I am seeing that as well. I do like that I can pan where ever, so it can fit in. I haven't tried running it through a good reverb yet, but that might be the issue too. And I am going to layer it anyway with some epic strings..I wanted to build a signature string sound with the newest, even if not the most popular...and I think that's the key to getting the sound I want. Layering this with the Ni Symphony might actually work, rather than the SF stuff...gonna try it. or even with some Omnisphere string sounds for the grit.

Thanks!!


----------



## nathantboler (Jul 25, 2018)

robgb said:


> I think the reason you like Spitfire stuff so much is that it sounds great right out of the box. There's no question about that. If you used nothing but Spitfire products, you'd never have to worry about getting a good sound. If, on the other hand, you want to mix and match sample libraries, you may find that those great out of the box libraries become a problem. That's my experience, anyway.
> 
> Hyperion is a dry library. Dry libraries tend to sound raw and harsh and, as a result, unnatural to a lot of people. People have the same complaint about LASS string libraries.

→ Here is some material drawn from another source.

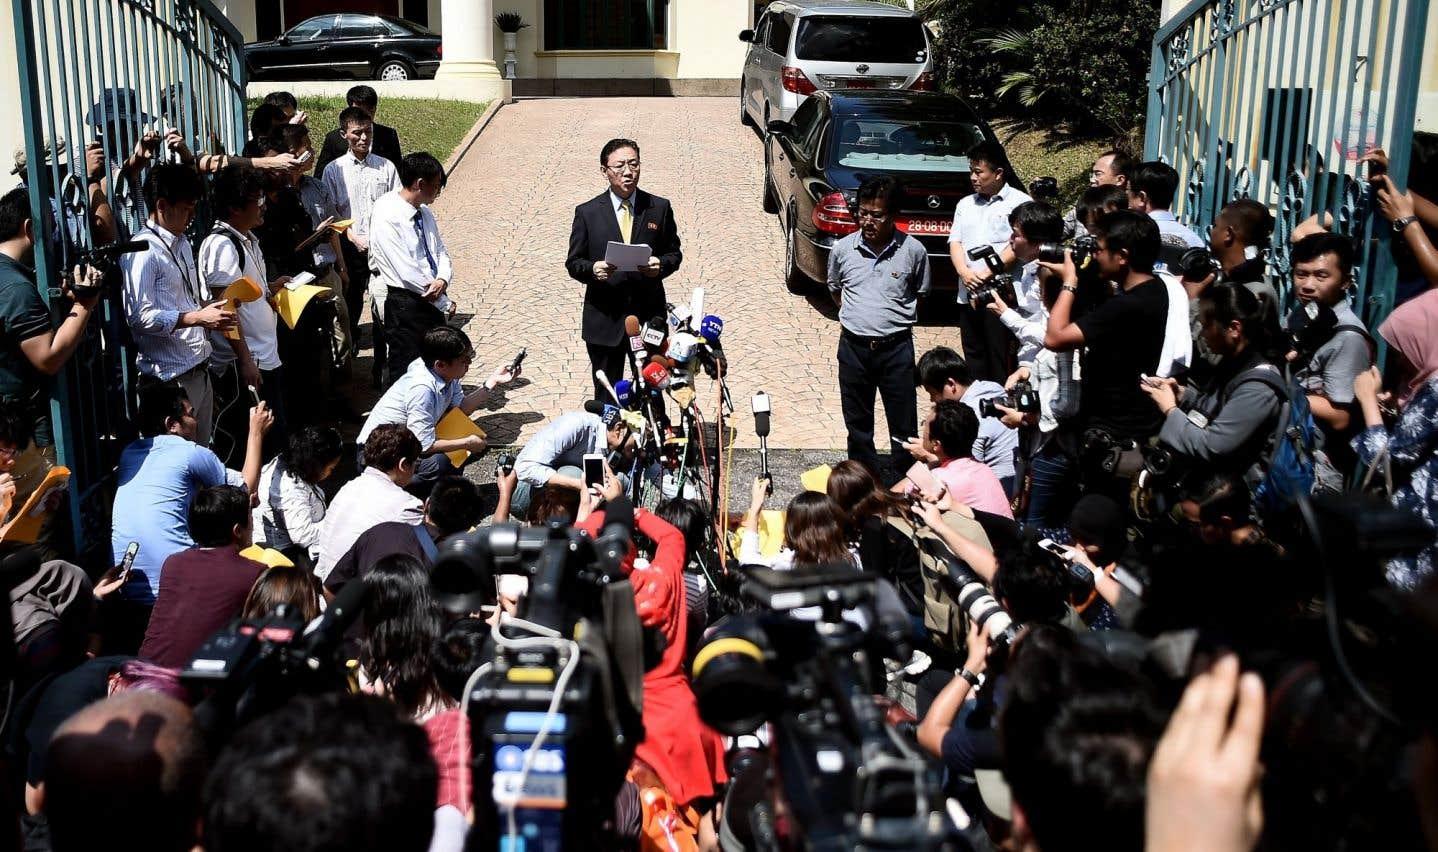 L'ambassadeur de la Corée du Nord à Kuala Lumpur a affirmé ne pas faire confiance à l'enquête malaisienne.

With Hyperion, I find it helps to tame some of that harshness with a low pass filter and a bit of EQ. Fortunately, the library comes with EQ built into the GUI, so they make it easy for you. You can play with the "Body" dial, the EQ dials and find a sound that's more pleasing to you. Add some of the built-in reverb to create some space and distance, then use a bus on the track and send it to another reverb.
> 
> ...


You said it better than I did. Thanks @robgb


----------



## robgb (Jul 25, 2018)

nathantboler said:


> You said it better than I did. Thanks @robgb


You can hire me anytime...


----------



## EBicks (Jul 25, 2018)

jaketanner said:


> I am seeing that as well. I do like that I can pan where ever, so it can fit in. I haven't tried running it through a good reverb yet, but that might be the issue too. And I am going to layer it anyway with some epic strings..I wanted to build a signature string sound with the newest, even if not the most popular...and I think that's the key to getting the sound I want. Layering this with the Ni Symphony might actually work, rather than the SF stuff...gonna try it. or even with some Omnisphere string sounds for the grit.
> 
> Thanks!!



I layered the Hyperion strings with EWSO strings in this mockup if you want to hear how they sound. I think they layered really well and added some "bite" to the more ambient EWSO samples:

""


----------



## jaketanner (Jul 25, 2018)

EBicks said:


> I layered the Hyperion strings with EWSO strings in this mockup if you want to hear how they sound. I think they layered really well and added some "bite" to the more ambient EWSO samples:
> 
> ""




Layered is how I'd use them. Sounds good. I have the EW cloud...might try that. Thanks.


----------



## Craig Peters (Jul 26, 2018)

EBicks said:


> I layered the Hyperion strings with EWSO strings in this mockup if you want to hear how they sound. I think they layered really well and added some "bite" to the more ambient EWSO samples:
> 
> ""



It definitely blends well! Nice cover! Thanks for posting.


----------



## DarcMurkee (Aug 15, 2018)

Loving it so far! Only thing I can't figure out is how to activate the automated swell feature to make things sound a bit more realistic. Only purchased the program a couple of days ago, so I'm still quite new to it. But any help would be appreciated!


----------



## KarlHeinz (Aug 15, 2018)

This is absolute marvellous, what I really love most are the great presets for ensembles and fx, really helps for easy getting the right mood. For anybody not jumped on the train: use the actual sale, cant think anybody will regret it.


----------



## jaketanner (Aug 15, 2018)

I am sorry...But I still can not make this library sound like actual strings. I bought this at full price through recommendations, and I feel it was a bad purchase, just because it was inexpensive. I also played a few patches for a friend of mine that is a pro musician, but is not keen on actual string sounds, and the first words were, is that a synth? Maybe I am spoiled with Spitfire, Cinestrings, Audiobro...etc, but even for $50, to me this is not worth it. I apologize for the negative comments, but I just can not find a use for this library...I try every other week or so to fit them in, and just cringe every time I play something. Now, in the midst of an epic trailer, along with many other sounds, perhaps it can find a home. I will probably try again...just want to get it to fit somewhere at least once, so I can justify the purchase. Again, my apologies.


----------



## sostenuto (Aug 15, 2018)

jaketanner said:


> I am sorry...But I still can not make this library sound like actual strings. I bought this at full price through recommendations, and I feel it was a bad purchase, just because it was inexpensive.***** Now, in the midst of an epic trailer, along with many other sounds, perhaps it can find a home. I will probably try again...just want to get it to fit somewhere at least once, so I can justify the purchase. Again, my apologies.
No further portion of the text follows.